Search ranking also checks normalized language values to avoid losing metadata relevance as stored labels evolve.

GUI Highlight Resolution

GUI highlight resolution uses a multi-step strategy instead of a fixed name table:

  1. exact syntax name
  2. exact extension
  3. case-insensitive name
  4. normalized-name match (alphanumeric only)
  5. case-insensitive extension scan
  6. explicit fallback candidates for known mismatches/high-priority labels
  7. plain text

Policy:

  • Keep explicit fallback mapping narrow and intentional.
  • Preserve unsupported-language visibility by keeping their metadata labels even when rendering falls back to plain text.

Fallback candidate mapping lives in:

Fallback coverage tests live in:

Examples covered by the resolver tests include:

  • fallback-to-grammar labels (for example: typescript, powershell, sass)
  • metadata-only/plain-render labels (for example: zig, kotlin, dart)

Virtual Editor Async Highlight Flow

Virtual-editor highlight behavior is async and staged to avoid mid-burst visual churn while typing.

Flow:

  1. UI sends a highlight request keyed by paste/context (paste_id, revision, text_len, language_hint, theme_key).
  2. Worker coalesces queued requests and computes either:
    • full render (HighlightRender), or
    • changed-range patch (HighlightPatch) when the UI base snapshot matches the worker cache base.
  3. UI merges matching patches into staged/current highlight state.
  4. Staged highlight applies:
    • immediately only when there is no current render,
    • otherwise only after idle threshold.

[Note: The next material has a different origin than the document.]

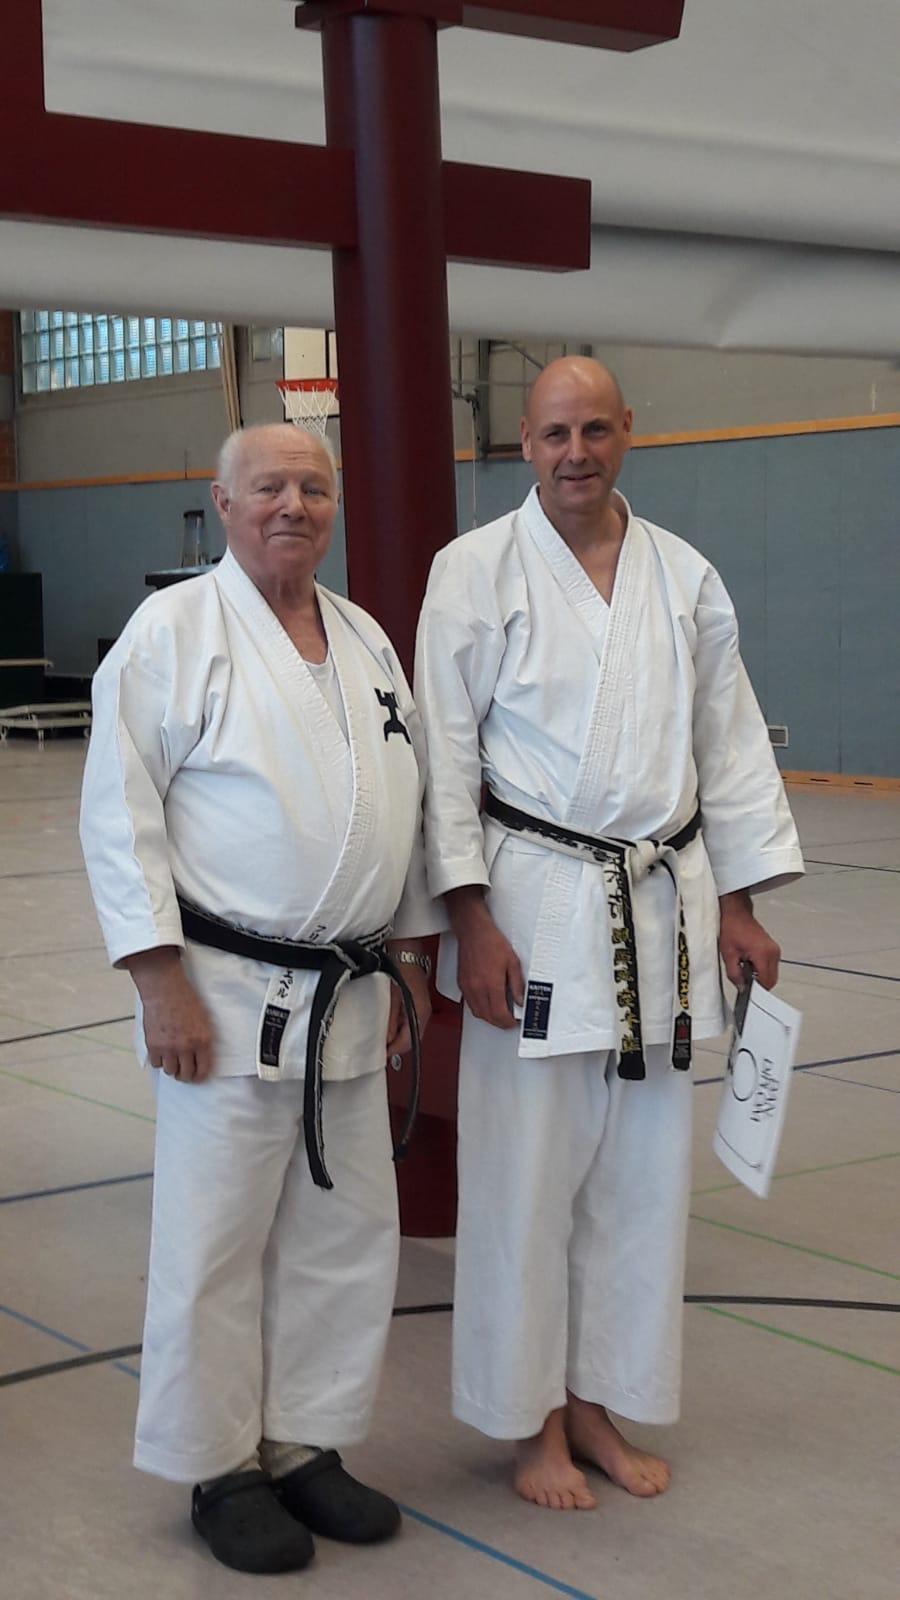 Karate Dan Prüfung Fitz Nöpel und René Roese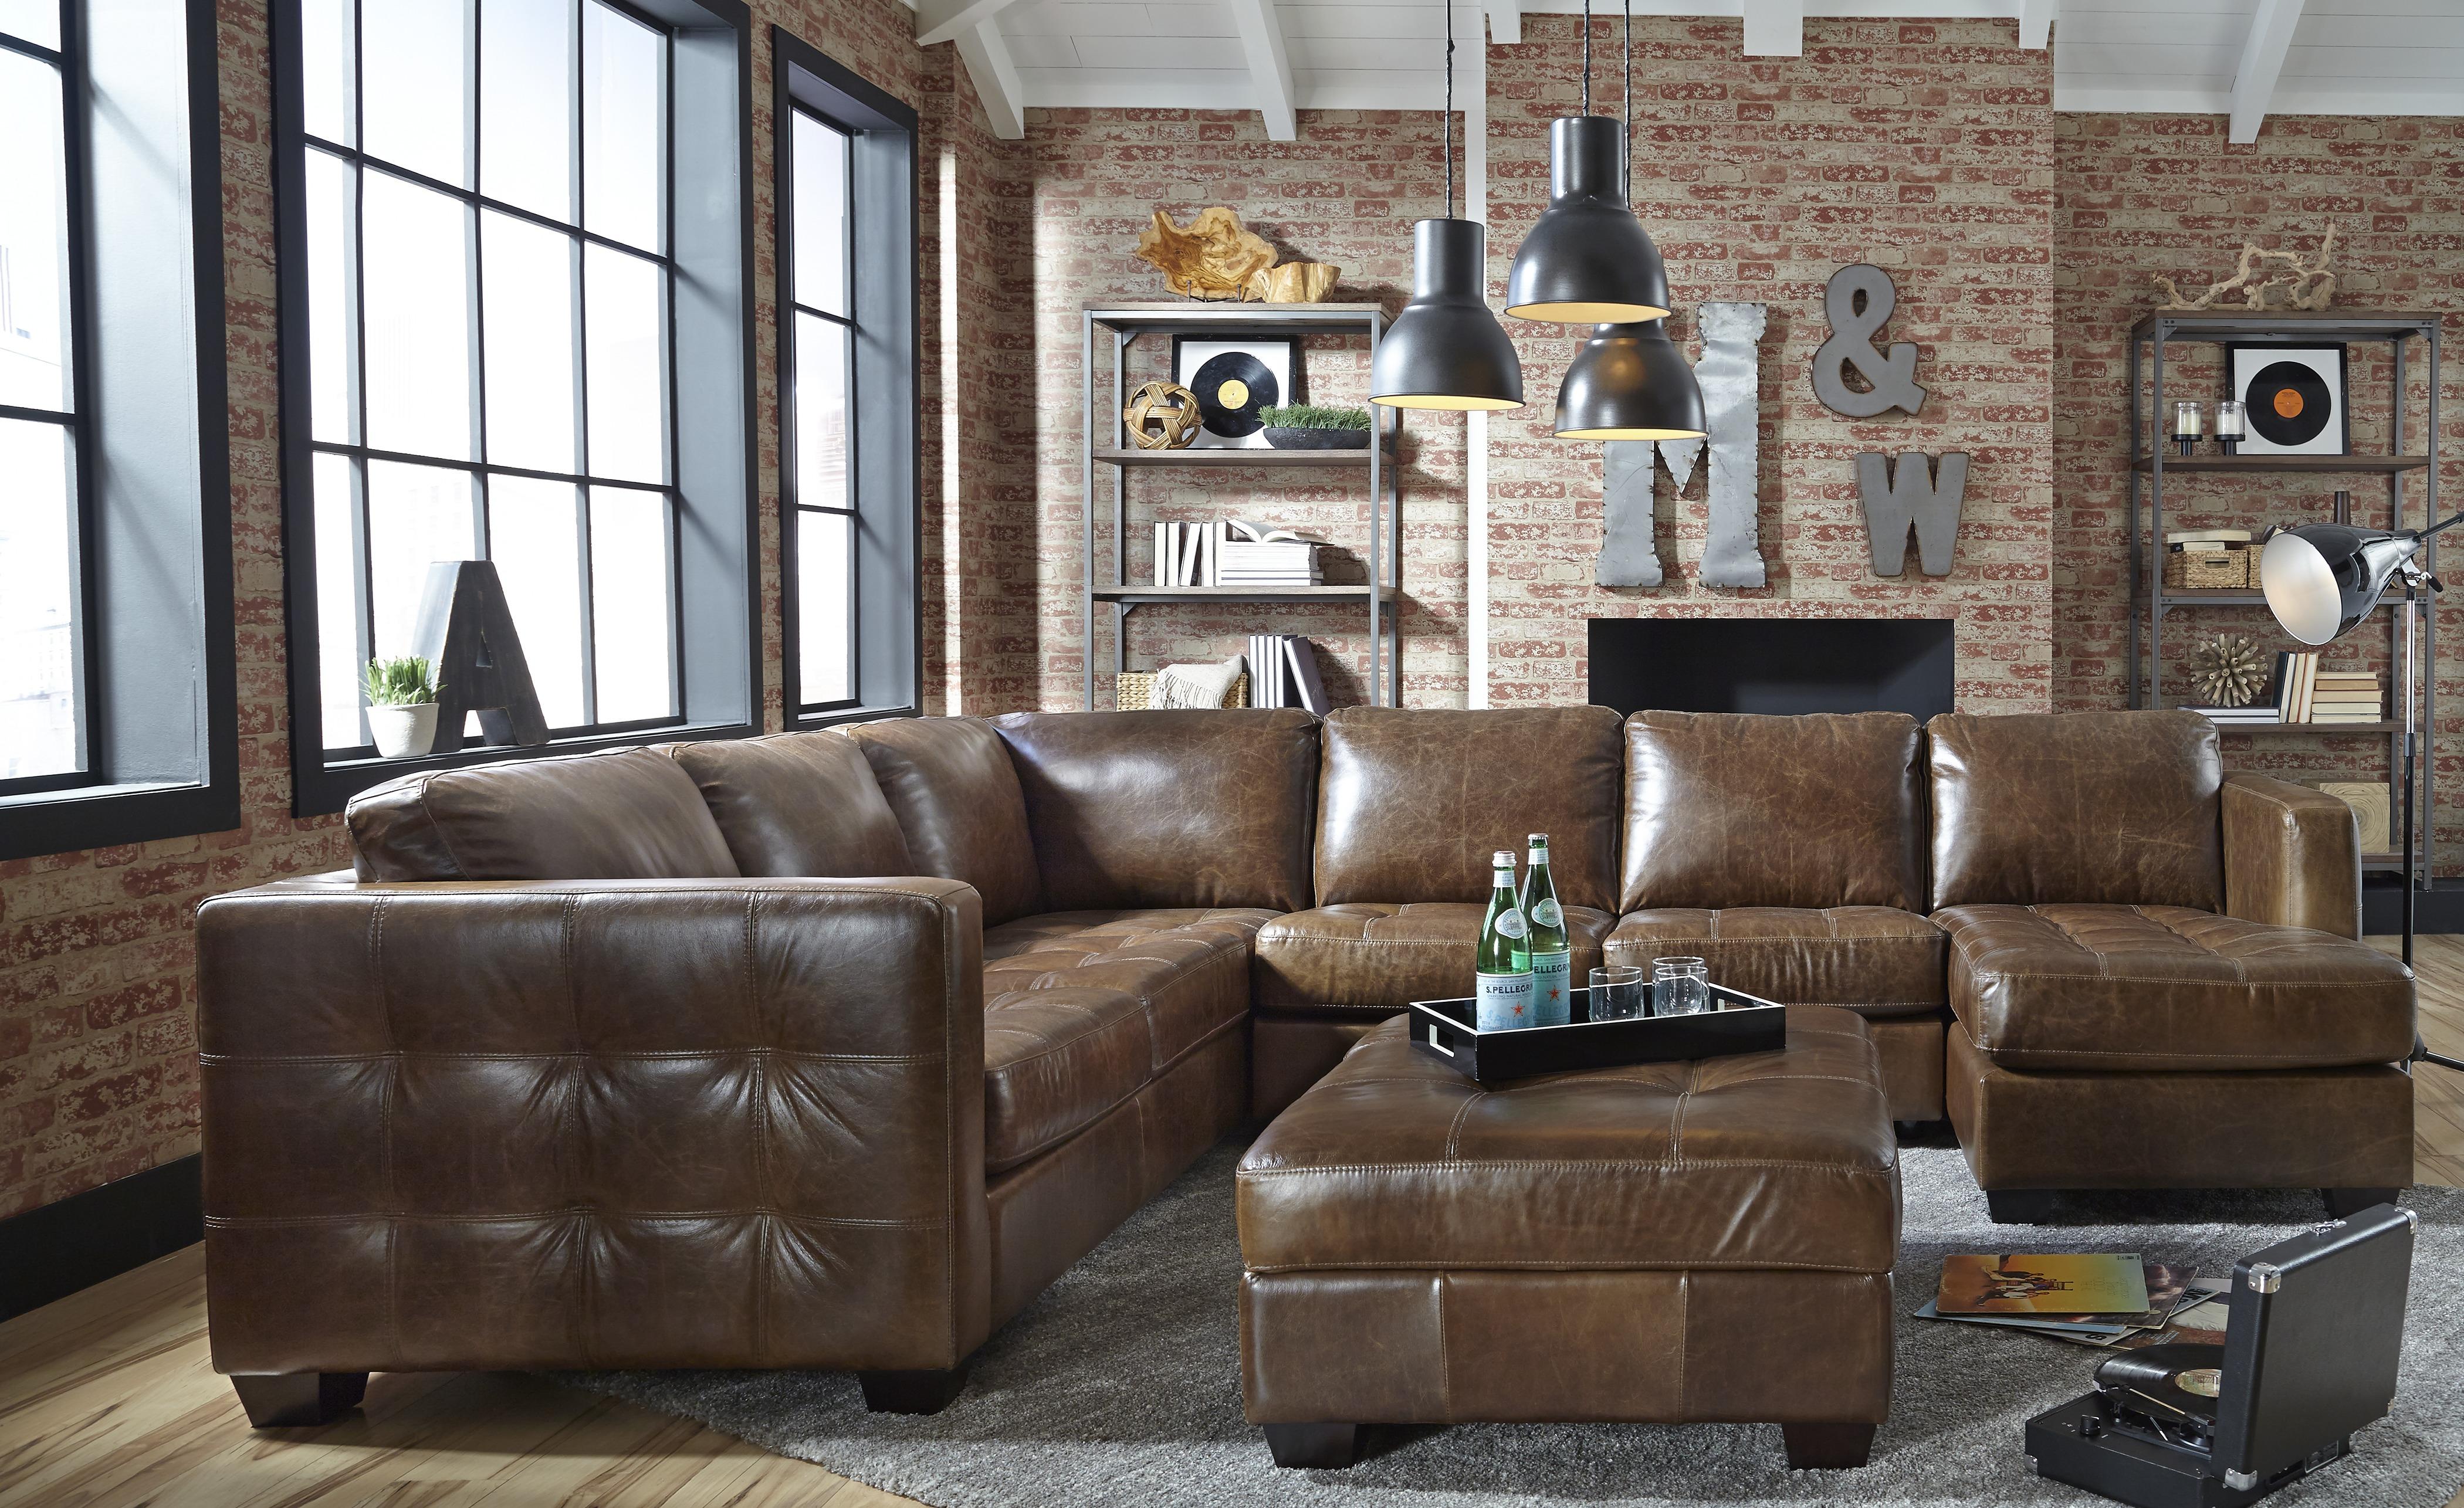 Enjoyable Barrett 77558 70558 Sectional 350 Fabrics Sofas And Theyellowbook Wood Chair Design Ideas Theyellowbookinfo

Current policy constants (virtual editor):

  • idle apply threshold: 200ms
  • adaptive debounce windows:
    • tiny edits (<=4 changed chars, <=2 touched lines): 15ms
    • medium edits: 35ms
    • larger supported buffers (>=64KB): 50ms
    • async highlighting disabled: 0ms (synchronous/no debounce path)
  • plain rendering guardrail: >=256KB content

Primary implementation:

Runtime Provider Default (Magika)

When Magika is enabled, runtime defaults to CPU execution provider:

  • env var: MAGIKA_FORCE_CPU
  • default: true
  • falsey values (0, false, no, off) allow runtime/provider defaults

Reference: ../.env.example

YAML Refinement Guardrail

YAML auto-detection keeps single-line mappings valid (for example, key: value) while still rejecting obvious non-YAML noise when refining model output.

Primary implementation:

Validation Targets

When touching detection/highlight behavior, validate:

  • core detection tests (localpaste_core::detection::tests),
  • GUI resolver/worker tests (localpaste_gui::app::highlight::worker::resolver_tests),
  • GUI manual checks in dev/gui-notes.md,
  • GUI perf checks in dev/gui-perf-protocol.md.